● RECORDS TO USE
★ ★ ★ ★

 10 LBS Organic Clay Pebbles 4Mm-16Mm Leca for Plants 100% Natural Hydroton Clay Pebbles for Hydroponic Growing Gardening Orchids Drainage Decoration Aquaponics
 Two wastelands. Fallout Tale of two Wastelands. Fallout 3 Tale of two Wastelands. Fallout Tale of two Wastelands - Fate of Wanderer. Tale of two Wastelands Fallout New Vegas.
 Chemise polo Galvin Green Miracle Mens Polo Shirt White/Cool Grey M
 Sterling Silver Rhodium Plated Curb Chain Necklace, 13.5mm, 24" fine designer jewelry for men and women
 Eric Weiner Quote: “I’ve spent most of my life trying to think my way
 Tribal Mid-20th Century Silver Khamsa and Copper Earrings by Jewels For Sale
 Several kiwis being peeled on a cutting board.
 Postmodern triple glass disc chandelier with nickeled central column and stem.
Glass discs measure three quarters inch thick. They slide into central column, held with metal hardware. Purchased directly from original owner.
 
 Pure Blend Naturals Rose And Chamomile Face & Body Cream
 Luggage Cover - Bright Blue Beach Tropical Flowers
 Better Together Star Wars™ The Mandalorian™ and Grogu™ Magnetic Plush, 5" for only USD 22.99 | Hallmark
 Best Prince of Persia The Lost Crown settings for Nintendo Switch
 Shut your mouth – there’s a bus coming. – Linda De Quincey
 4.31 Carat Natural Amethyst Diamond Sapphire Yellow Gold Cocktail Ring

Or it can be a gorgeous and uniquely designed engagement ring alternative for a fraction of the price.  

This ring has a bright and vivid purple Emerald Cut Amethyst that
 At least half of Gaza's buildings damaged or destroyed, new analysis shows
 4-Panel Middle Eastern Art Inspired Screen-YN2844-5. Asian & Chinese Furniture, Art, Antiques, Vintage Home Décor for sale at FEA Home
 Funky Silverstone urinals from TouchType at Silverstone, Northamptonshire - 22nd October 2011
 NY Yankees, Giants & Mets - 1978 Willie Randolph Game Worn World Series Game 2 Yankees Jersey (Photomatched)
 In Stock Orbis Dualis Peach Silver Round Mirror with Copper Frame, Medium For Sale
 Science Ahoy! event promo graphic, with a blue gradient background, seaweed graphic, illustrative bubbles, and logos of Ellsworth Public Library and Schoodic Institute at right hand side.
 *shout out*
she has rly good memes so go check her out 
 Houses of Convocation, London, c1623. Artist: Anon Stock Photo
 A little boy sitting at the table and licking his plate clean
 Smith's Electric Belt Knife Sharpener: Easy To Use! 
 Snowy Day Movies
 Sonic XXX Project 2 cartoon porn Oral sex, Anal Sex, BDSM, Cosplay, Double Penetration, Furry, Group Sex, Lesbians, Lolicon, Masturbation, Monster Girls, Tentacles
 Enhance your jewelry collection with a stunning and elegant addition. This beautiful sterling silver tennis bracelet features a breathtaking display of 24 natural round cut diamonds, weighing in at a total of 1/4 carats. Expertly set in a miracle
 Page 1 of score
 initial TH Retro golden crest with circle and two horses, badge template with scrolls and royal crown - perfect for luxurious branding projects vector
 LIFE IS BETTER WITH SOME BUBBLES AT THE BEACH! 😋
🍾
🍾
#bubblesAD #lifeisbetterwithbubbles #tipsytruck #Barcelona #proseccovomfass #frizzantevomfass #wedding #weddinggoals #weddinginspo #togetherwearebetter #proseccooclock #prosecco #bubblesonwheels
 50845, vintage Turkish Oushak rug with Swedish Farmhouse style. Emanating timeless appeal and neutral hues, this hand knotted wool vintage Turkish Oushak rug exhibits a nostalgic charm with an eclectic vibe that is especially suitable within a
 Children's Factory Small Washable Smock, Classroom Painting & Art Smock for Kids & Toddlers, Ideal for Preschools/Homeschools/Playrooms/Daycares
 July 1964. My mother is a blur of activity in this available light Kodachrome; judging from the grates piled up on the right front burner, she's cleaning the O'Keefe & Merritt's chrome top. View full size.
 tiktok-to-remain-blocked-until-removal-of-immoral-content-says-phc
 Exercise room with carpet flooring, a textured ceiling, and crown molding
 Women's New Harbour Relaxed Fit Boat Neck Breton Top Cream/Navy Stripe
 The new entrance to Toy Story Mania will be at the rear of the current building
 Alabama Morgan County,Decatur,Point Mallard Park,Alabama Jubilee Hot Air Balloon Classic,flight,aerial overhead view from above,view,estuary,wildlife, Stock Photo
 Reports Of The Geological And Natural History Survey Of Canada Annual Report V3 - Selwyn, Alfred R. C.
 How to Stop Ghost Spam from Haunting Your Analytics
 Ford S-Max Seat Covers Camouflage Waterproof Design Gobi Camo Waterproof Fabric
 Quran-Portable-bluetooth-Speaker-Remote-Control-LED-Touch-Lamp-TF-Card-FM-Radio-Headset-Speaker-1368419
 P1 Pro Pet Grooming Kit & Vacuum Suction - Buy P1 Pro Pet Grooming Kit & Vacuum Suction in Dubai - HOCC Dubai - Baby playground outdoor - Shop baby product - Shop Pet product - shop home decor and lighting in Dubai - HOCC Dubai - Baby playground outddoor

★ ★ ★ ★

● YOUR OBJECTIVE
Find the lines above that contain "Cream" and give their count, with nothing added.

● SOLVED EXERCISE
2